Thank you so much for your positive response and reevaluating your assessment of our work! We are delighted that we’ve been able to reach a mutual understanding about our work’s purpose.

Your follow-up is full of useful suggestions which are greatly appreciated! Here are our answers:

The central question of your work is better phrased as "what makes a good causal attention mask?" in Transformer terms.

Causal masks are indeed a very relevant deployment direction for our work. We wanted to avoid mentioning “causal masks” in the title as we didn’t want to make any connotations with causality; furthermore, several other important settings – such as temporal graph representation learning – rely on similar spatial constraints but do not require the use of Transformers.
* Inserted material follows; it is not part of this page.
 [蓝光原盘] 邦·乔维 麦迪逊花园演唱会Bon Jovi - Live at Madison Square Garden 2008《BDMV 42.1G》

We will explore the updated wording in the title with careful consideration of all of these points, and in either case the discussion with you was highly informative, and general feedforward graphs are worth discussing in our paper – we will be sure to reference the key takeaways from our exchange prominently in the revision.

Might you consider a “copy-last-token” or "last token copies feature of intermediate token x" tasks (or similar long-range memory benchmark) to highlight whether FS improves upon fully causal masks?
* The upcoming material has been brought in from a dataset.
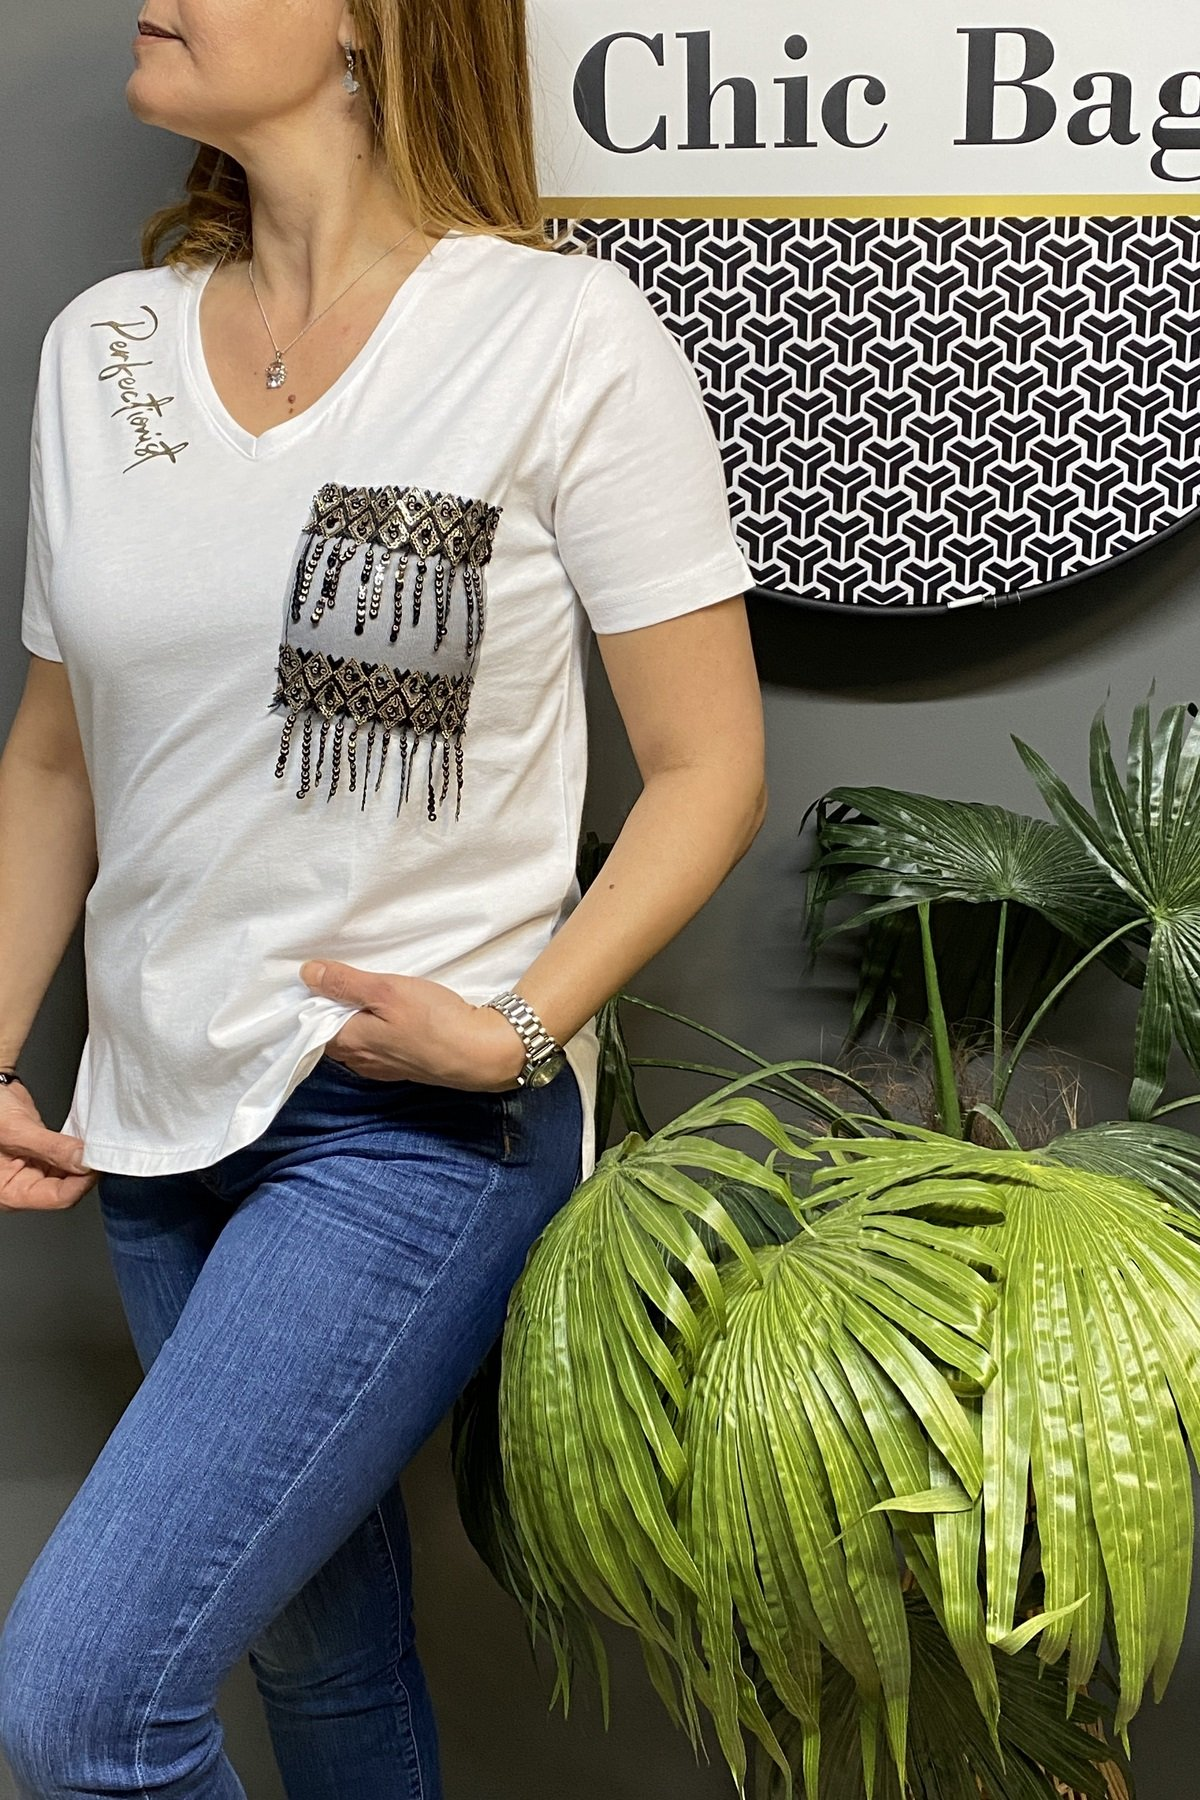 https://resim.chicbag.com.tr/p000546/byz/v-yaka-cebi-tul-ve-payet-detayli-t_shirt-olv-012e6bf3bd3d.
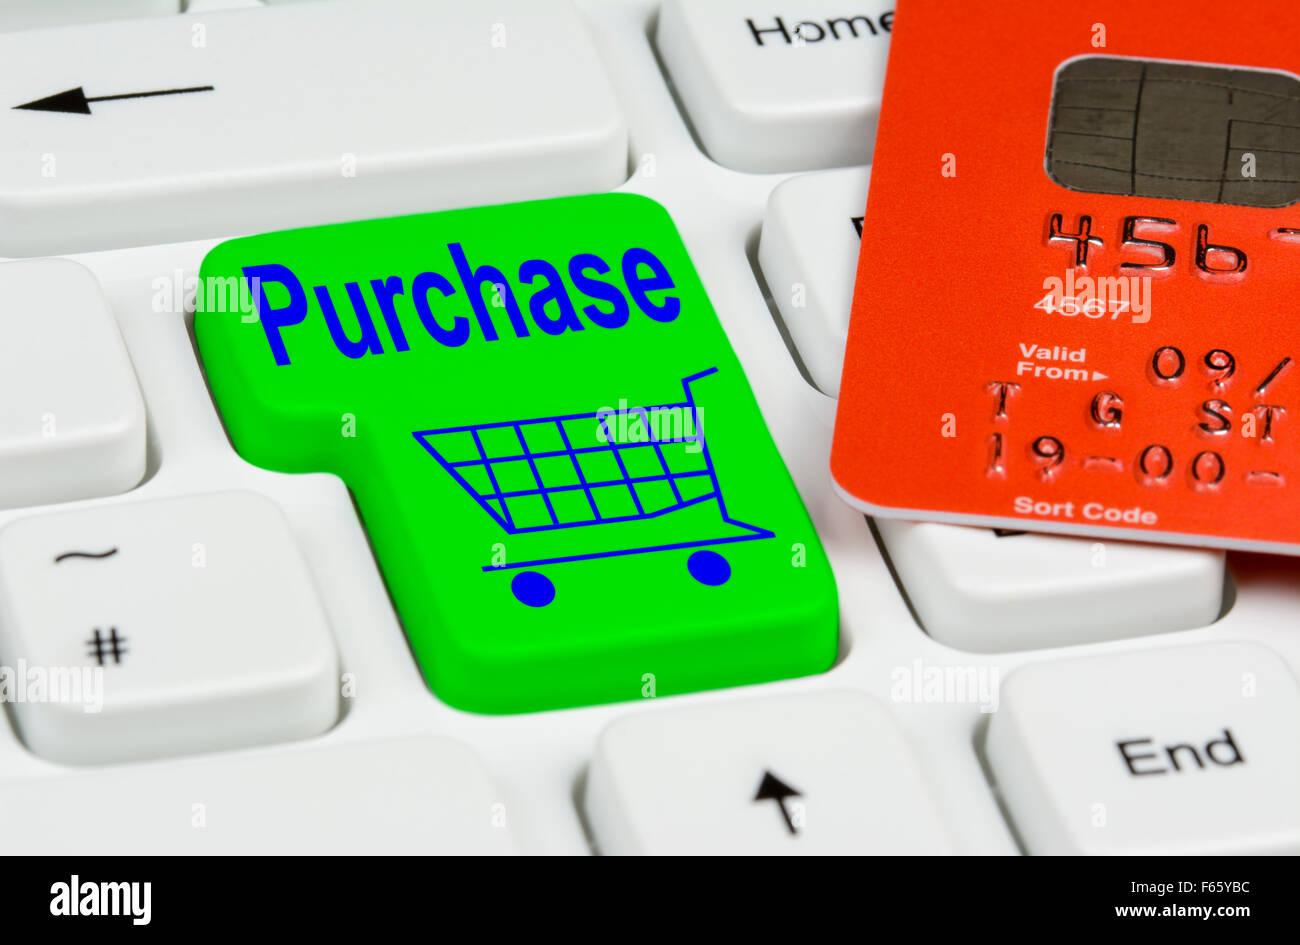 Magasinage en ligne bouton d'un clavier d'ordinateur blanc.avec carte de paiement. Photo Stock

In some sense, we were already doing this (the maximum task requires isolating the maximal token, and then copying one of its features).

Your suggestion, however, inspired us to test more granularly how such tasks relate to fidelity. For our revision, we have now conducted an experiment where we evaluate on the max task (same as before) but we stratify the reported accuracies as a function of where the max token is. This allows us to visualise a “performance profile” for the various graph choices – and indeed, the full graph has a sharp collapse towards the last few tokens, while the FS graph remains a consistent predictive power regardless of where the max token is located.

We will gladly display this in the updated paper, since it shows a clear link between what smaller minimax fidelity predicts (that certain tokens’ representation within the final token’s embedding will eventually “fall off a cliff”) and empirical performance on a task.

Have you thought about how learned attention weights might partially override low fidelity? You do note that certain theoretical results (e.g. [Barbero et al., 2024]; [Veličković et al., 2024]) question how well attention can prune in the large-length regime, which justifies looking at your purely topological perspective. However, I believe a brief discussion of when attention can adapt enough to mitigate topological constraints would be valuable.

We have thought about this a fair bit, and will add some of our key takeaways in the paper.

Certainly, attention would be capable of overcoming some of the topological restrictions when the length distribution shift is not large enough to trigger the Theorems in the prior works.

However, we believe that there is another tradeoff that must be contended with: due to the renormalising effect of the softmax function, any attention invested by the modules to “sharpen” less represented paths is attention that is not spent for mixing the relevant information between tokens for answering the task. This tradeoff emphasises the challenges of simultaneously solving the problem given to a Transformer and protecting dataflow along its most vulnerable paths, while also pointing at the fact that alternatives (such as a “pure gate” / sigmoidal attention) might allow for more granularity in this tradeoff.

If each layer has a “locally optimal” feedforward graph, where optimal refers to good mixing time and fidelity, does the whole Transformer have a "globally optimal" feedforward graph?

This is a very interesting question to ponder, and we will highlight it in the future work section.

This does sound plausible to us, although the definition of “locally optimal” may likely induce some interesting combinations of constraints across layers, which might not be trivial to resolve.

But we are absolutely certain that research in this space should progress in these kinds of directions, as it is highly unlikely that repeating one layer only will be achieve global optimality in the regime without backwards edges.

I would like to point to directed expanders discussed in On directed analogues of expander and hyperfinite graph sequences by (Csóka and Grabowski, 2021).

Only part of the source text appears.